RECORDS FOR THIS TASK below:

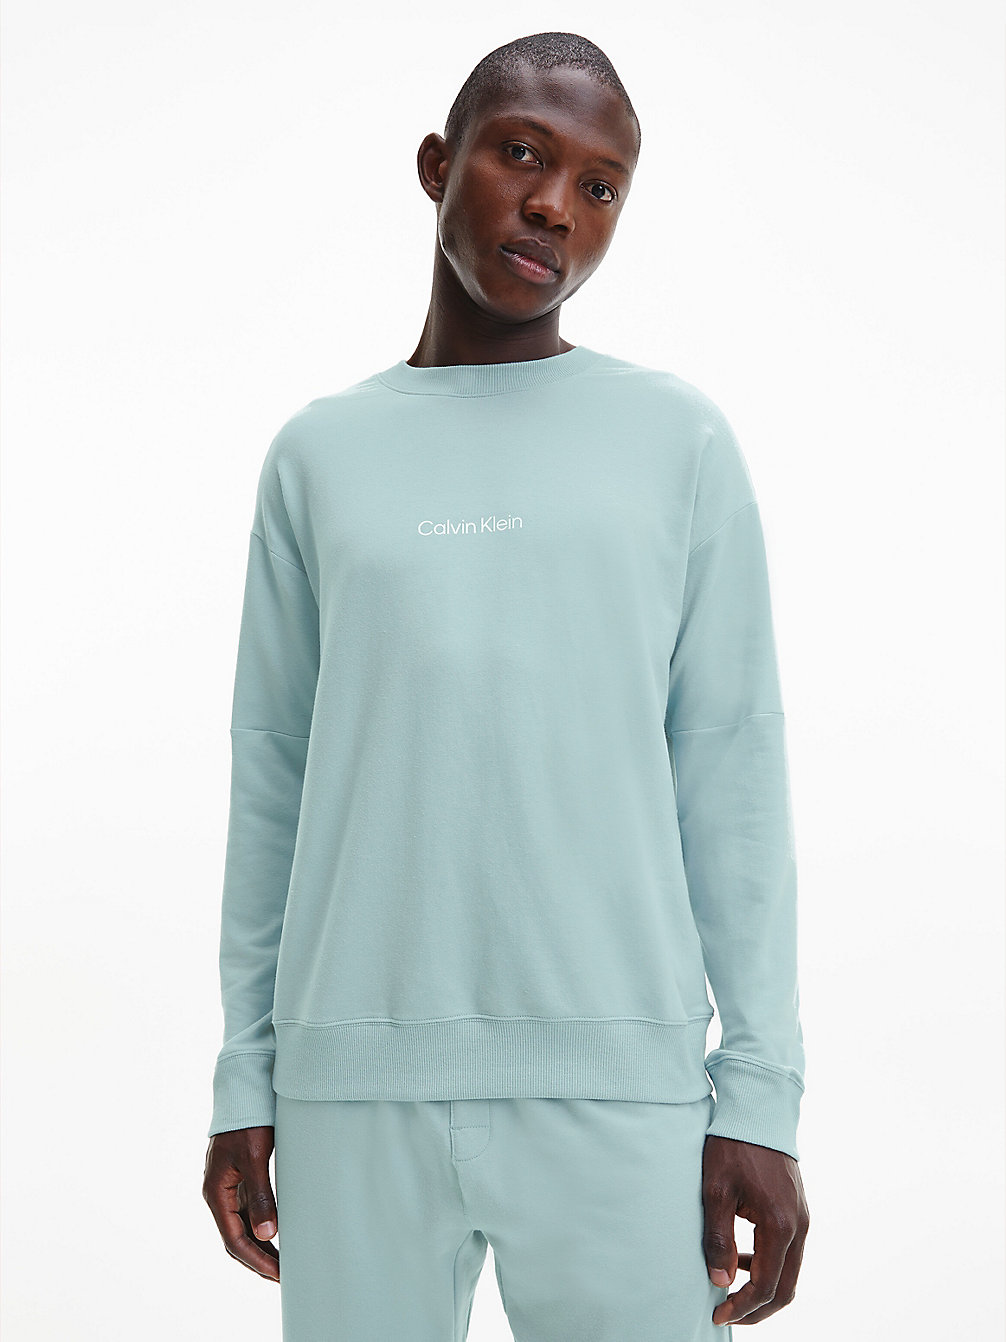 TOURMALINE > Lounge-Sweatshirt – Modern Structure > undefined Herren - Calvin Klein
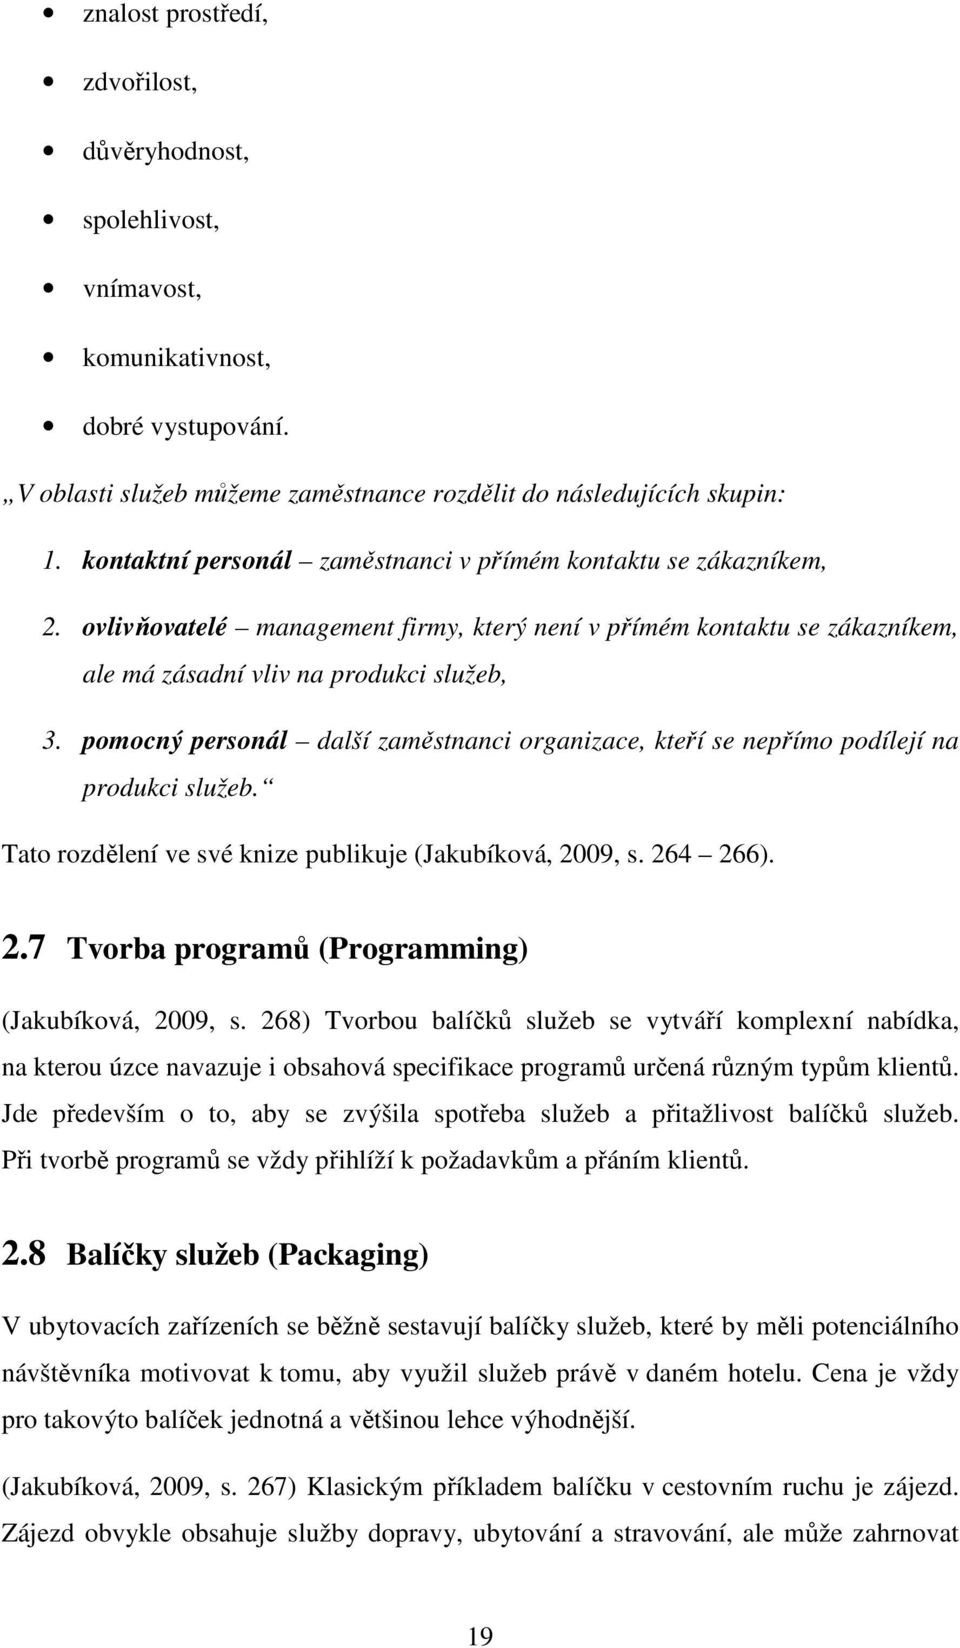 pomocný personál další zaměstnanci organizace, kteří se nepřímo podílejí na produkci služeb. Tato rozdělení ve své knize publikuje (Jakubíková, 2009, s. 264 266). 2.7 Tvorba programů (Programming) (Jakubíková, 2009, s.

End of RECORDS FOR THIS TASK.
RECORDS FOR THIS TASK below:

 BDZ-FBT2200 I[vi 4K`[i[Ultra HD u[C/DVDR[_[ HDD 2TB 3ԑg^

End of RECORDS FOR THIS TASK.
RECORDS FOR THIS TASK below:

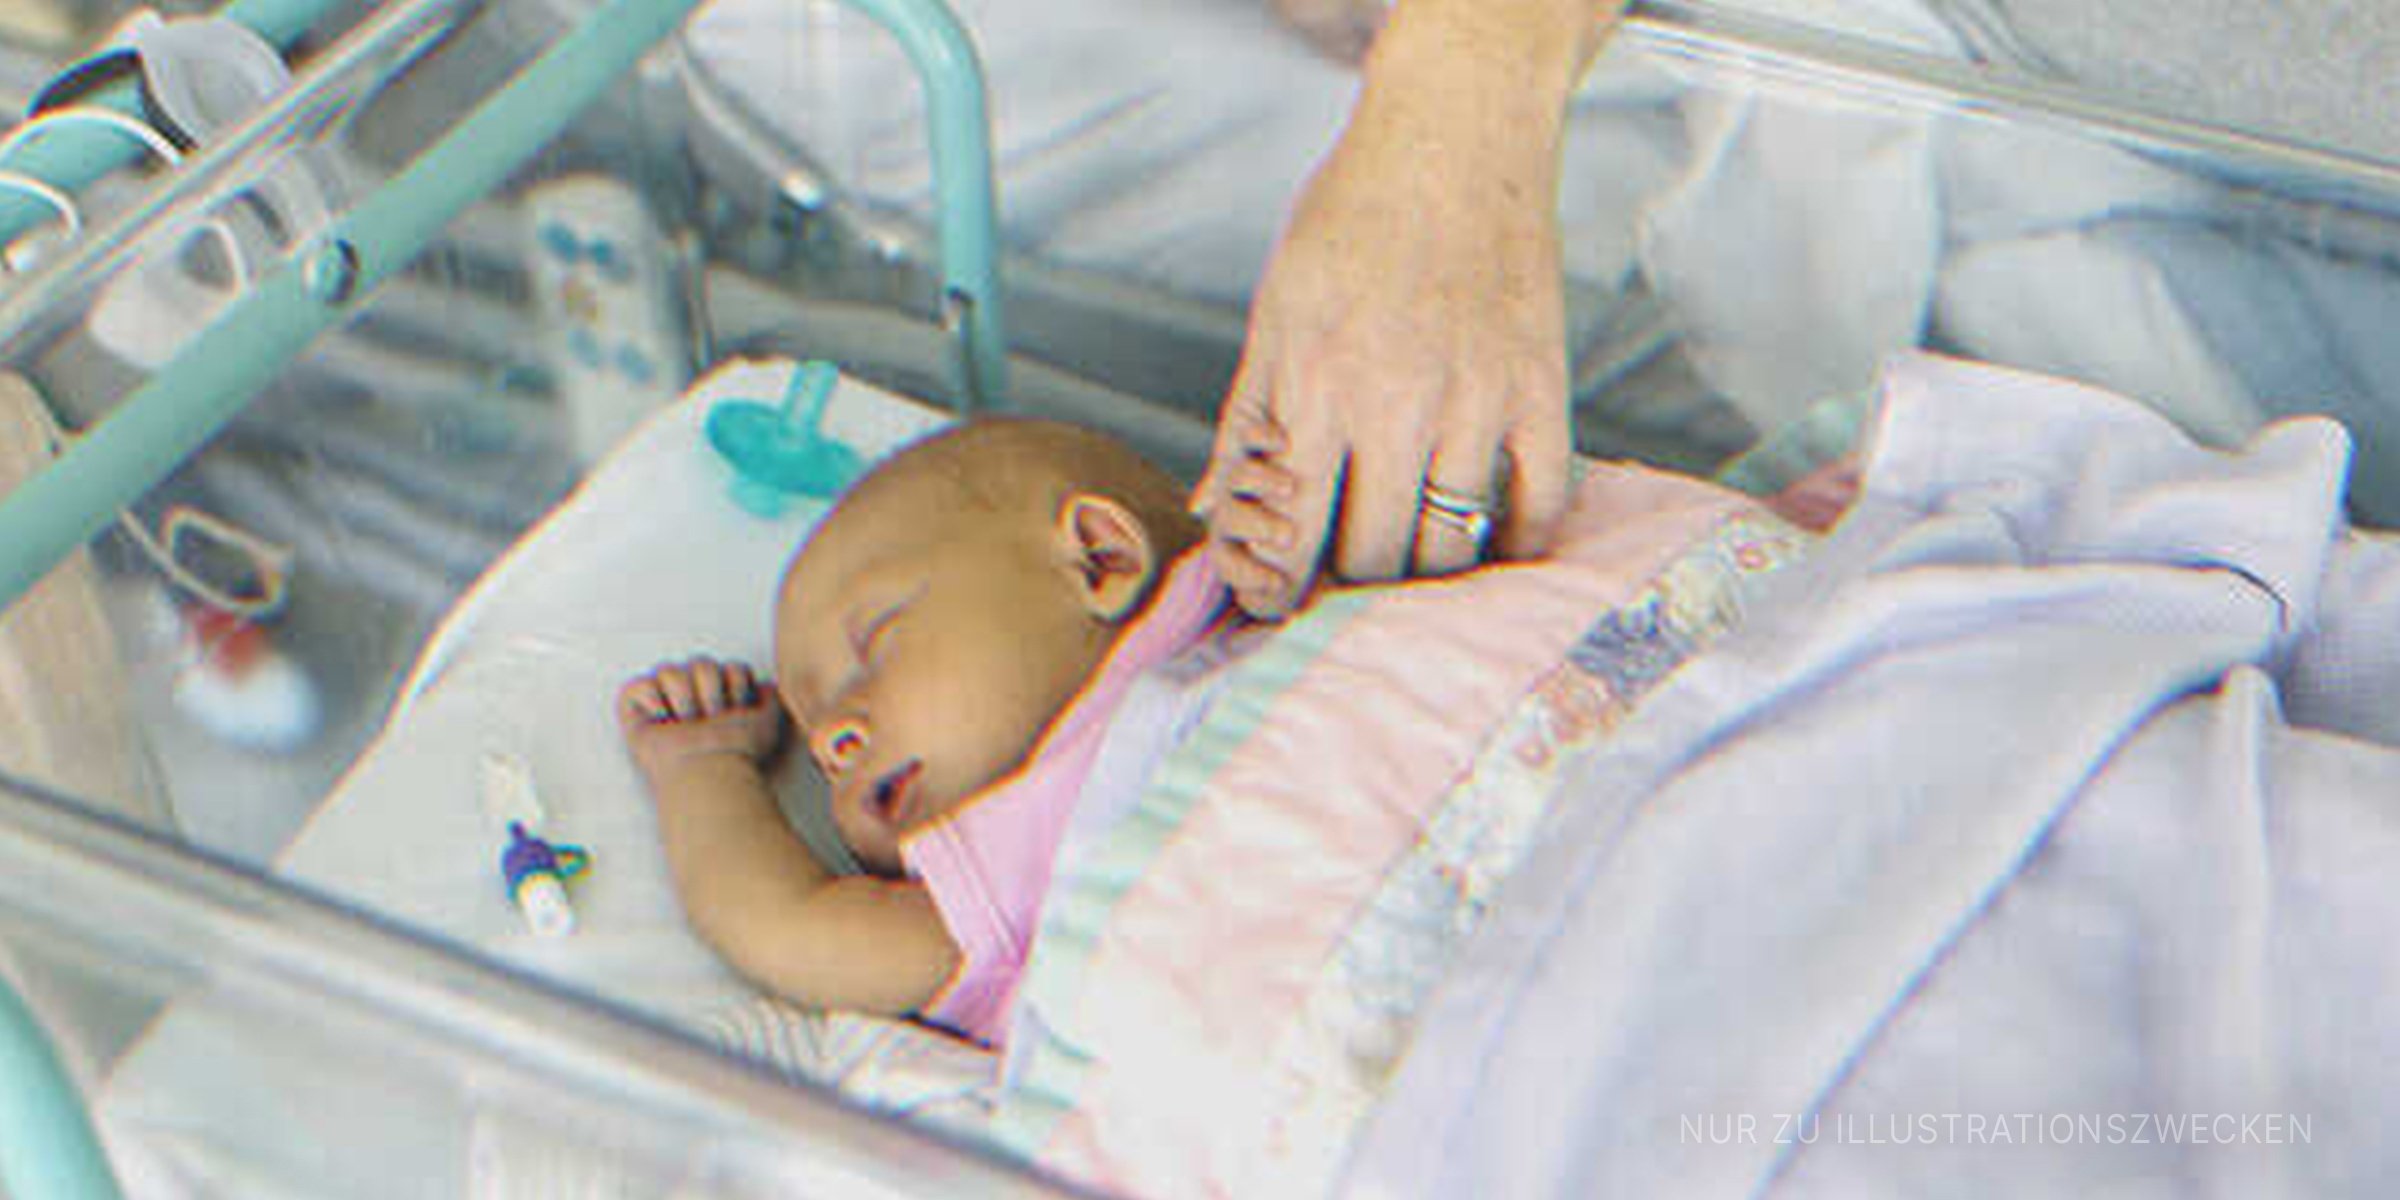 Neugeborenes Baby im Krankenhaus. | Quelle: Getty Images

End of RECORDS FOR THIS TASK.

WHAT YOU NEED TO DO:
Your reply is to be an exact repeat of the listing above from the line holding "TOURMALINE > Lounge-Sweatshirt" down to the line holding "pomocný personál další", ends included, pictures excluded.

ANSWER SPACE:
 TOURMALINE > Lounge-Sweatshirt – Modern Structure > undefined Herren - Calvin Klein
 pomocný personál další zaměstnanci organizace, kteří se nepřímo podílejí na produkci služeb. Tato rozdělení ve své knize publikuje (Jakubíková, 2009, s. 264 266). 2.7 Tvorba programů (Programming) (Jakubíková, 2009, s.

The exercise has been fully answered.